The problem of continual learning in the domain of reinforcement learning, often called non-stationary reinforcement learning, has been identified as an important challenge to the application of reinforcement learning. We prove a worst-case complexity result, which we believe captures this challenge: Modifying the probabilities or the reward of a single state-action pair in a reinforcement learning problem requires an amount of time almost as large as the number of states in order to keep the value function up to date, unless the strong exponential time hypothesis (SETH) is false; SETH is a widely accepted strengthening of the P $
eq$ NP conjecture. Recall that the number of states in current applications of reinforcement learning is typically astronomical.
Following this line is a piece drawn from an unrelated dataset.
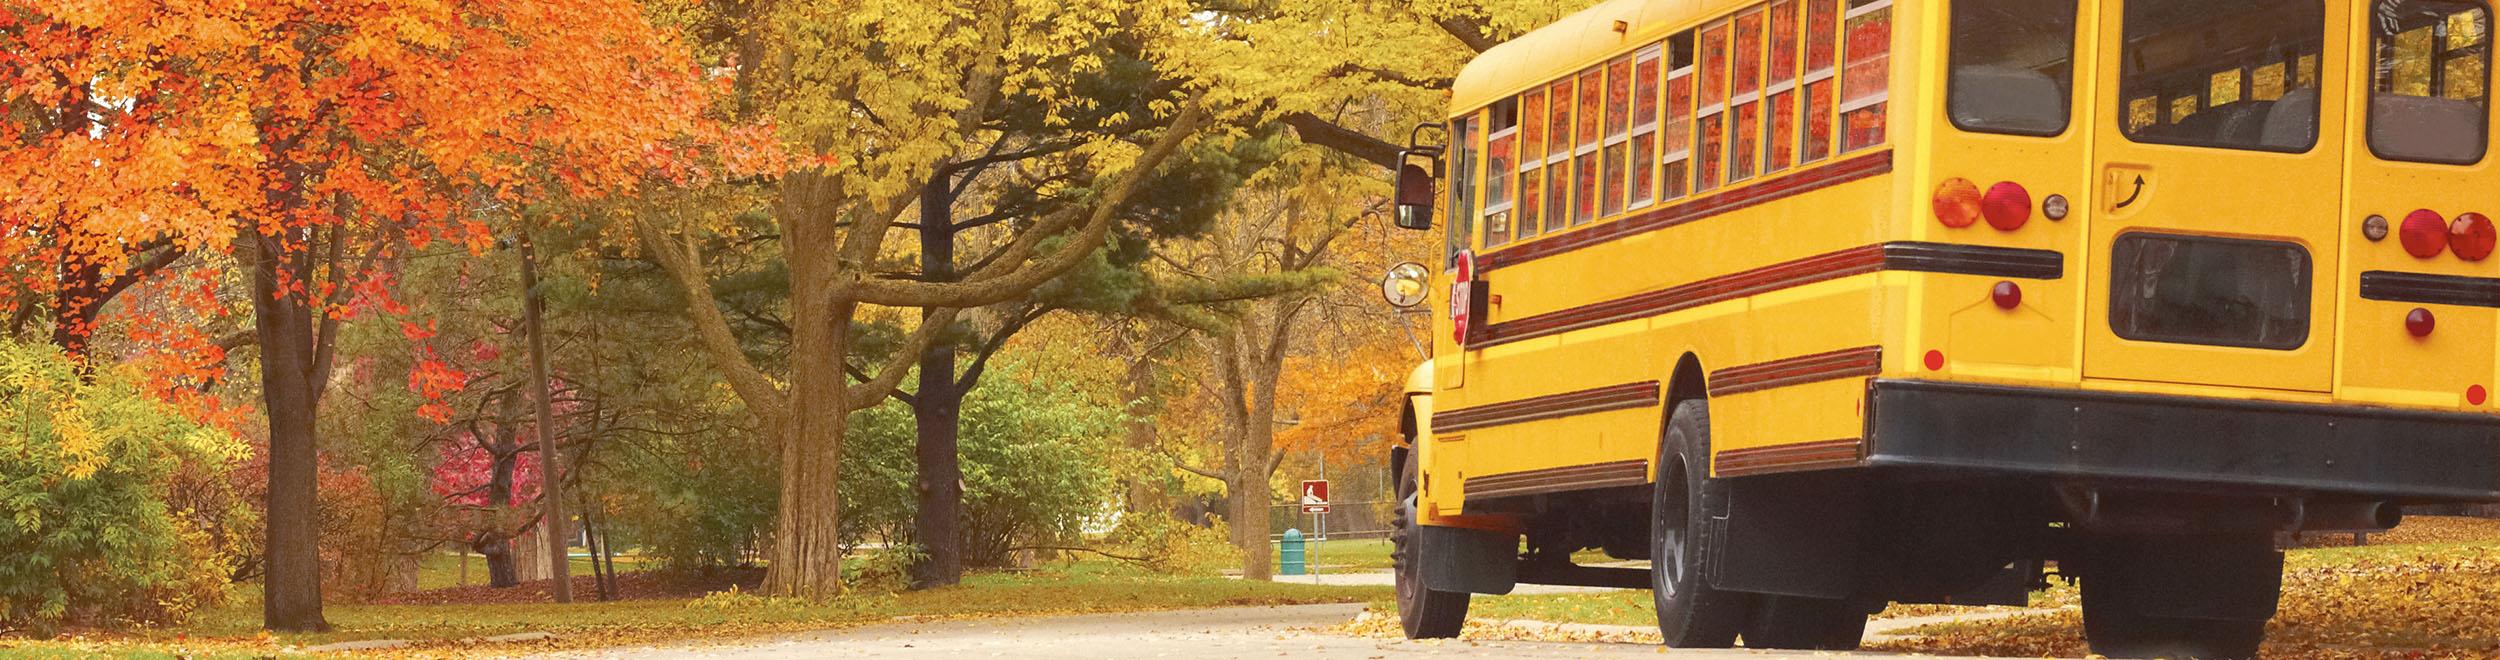 Subscription-Based Transportation Management System

In contrast, we show that just $ extit{adding}$ a new state-action pair is considerably easier to implement.
在加强学习领域的持续学习问题(通常称为非平稳的强化学习)被确定为对强化学习的应用的重要挑战。我们证明了最糟糕的复杂性结果,我们认为这会捕捉到这一挑战:在加强学习问题中修改单个州行动对的概率或奖励,几乎需要一定时间,几乎与状态数量一样大,以便除非强大的指数时间假设(SETH)是错误的,否则请保持最新价值函数。塞思(Seth)是P $的广泛接受的加强
等式$ NP猜想。回想一下,当前强化学习应用中的状态数量通常是天文学的。相比之下,我们表明只有$ extit {添加} $一个新的州行动对就更容易实现。